Fibonacci-like Sequences

I've posted a lot about Fibonacci numbers over the years:

• The Fibonacci Number Base
• Finance and Fibonacci
• Random Fibonacci Numbers
• Finding Fibonacci and Tribonacci Seed Numbers
• Beyond Fibonacci
• Vishwanath Number
• Metallic Means

The Fibonacci sequence is the most famous example of a generalised sequence that begins with two seed numbers $a$ and $b$ and then proceeds as follows: $$a_n=\begin{cases}a&\mbox{if }n=0;\\b&\mbox{if }n=1;\\a_{n-1}+a_{n-2}&\mbox{otherwise.}\end{cases}$$ No matter what the values of the seed numbers, the ratio of one term to its predecessor always approaches $\phi$, the golden ration. This ratio is equal to: $$\frac{1+\sqrt{5}}{2}$$ There is an even more generalised sequence that also begins with two seed numbers $a$ and $b$ but then proceeds as follows: $$a_n=\begin{cases}a&\mbox{if }n=0;\\b&\mbox{if }n=1;\\A \, a_{n-1}+ B \, a_{n-2}&\mbox{otherwise.}\end{cases}$$ Here $A$ and $B$ are constants and in the case where $A=1$ and $B=1$, we have the earlier sequence. The ratio of one term to its predecessor however, is no longer the golden ratio. The $n$-th term for such a sequence is given by: $$\frac{ \alpha^n- \beta^n}{\alpha-\beta}$$ Here $\alpha$ and $\beta$ are the roots of the quadratic $x^2=Ax+B$. Let's take a specific example where $A=3$ and $B=3$ and so $x^2=3x+3$. The solution to this is: $$\alpha=\frac{3+\sqrt{21}}{2} \text{ and } \beta=\frac{3-\sqrt{21}}{2}$$ Thus the $n$-th term approaches: $$\frac{(3+\sqrt{21})^n- (3-\sqrt{21})^n}{2^n \times \sqrt{21}}$$ This simplifies to: $$\frac{1}{\sqrt{21}}\, \left(\frac{3+\sqrt{21}}{2}\right)^n$$ Thus the ratio between successive terms will tend to $\displaystyle \frac{3+\sqrt{21}}{2}$

In the case where $A=1$ and $B=1$, the ratio is  $\displaystyle \frac{1+\sqrt{5}}{2}=\phi$ and so different surds will appear depending on the values of $A$ and $B$.

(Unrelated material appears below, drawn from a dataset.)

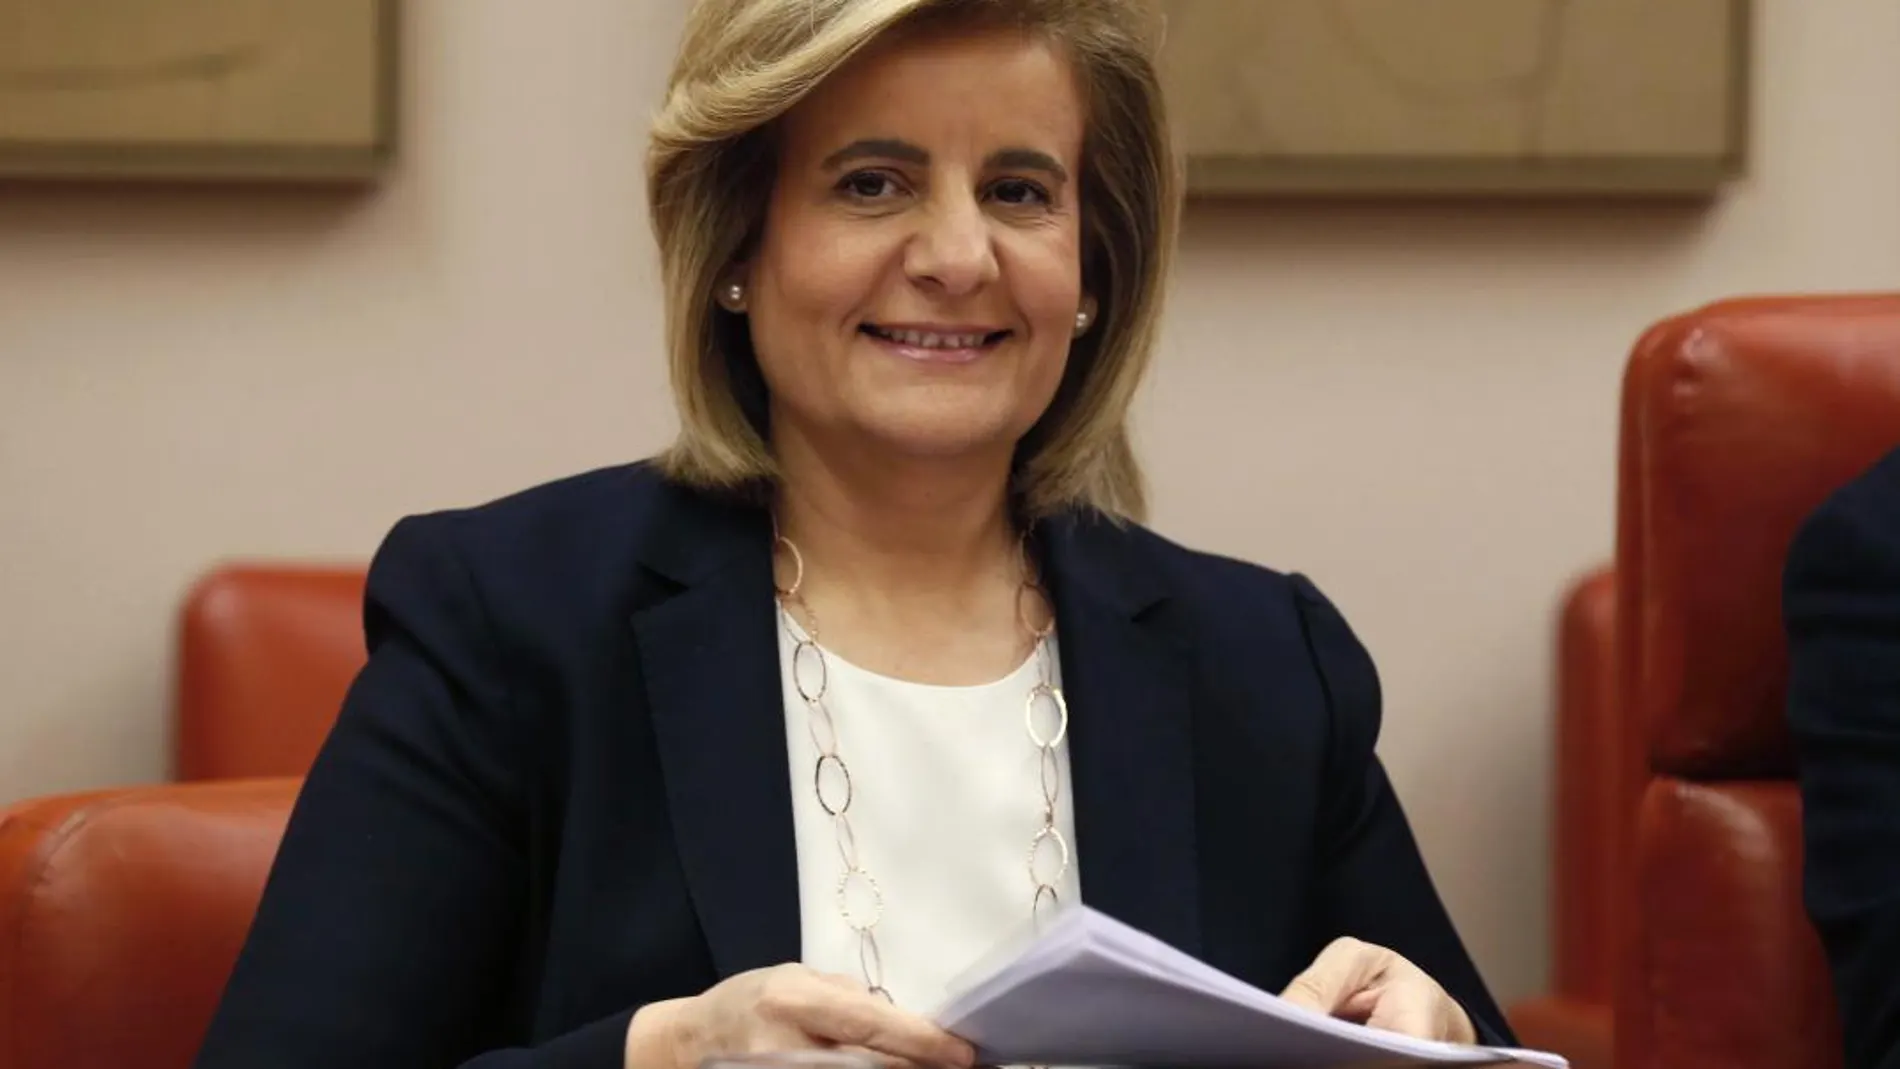 La ministra de Empleo, Fátima Báñez, durante su comparecencia la Comision de Empleo y Seguridad Social del Congreso para informar sobre la evolución del mercado laboral

As we've seen in the case of $A=3$ and $B=3$, the surd turns out to be $\sqrt{21}$. Here is an example of an OEIS sequence with seed numbers $a_0=1$ and $a_1=2$ that has both constants equal to 3:

A202206

a(n) = 3*a(n-1) + 3*a(n-2) with a(0)=1 and a(1)=2

The first terms of the sequence are 1, 2, 9, 33, 126, 477, 1809, 6858, 26001, 98577, 373734, 1416933, ... Naturally the terms get larger far more quickly than the Fibonacci sequence. Note that the ratio of the last two terms is getting close to the predicted value: $$\frac{1416933}{373734} \approx 3.79128738621586 \text{ and } \frac{3+\sqrt{21}}{2} \approx 3.79128784747792$$ A further point to note is that the formula: $$\frac{ \alpha^n- \beta^n}{\alpha-\beta}$$ only produces the correct terms of the sequence when a(0)=0 and a(1)=1 and the result is rounded to the nearest whole number. See permalink. However, no matter what the seed numbers, the ratio of terms for a particular sequence always approaches the same limit.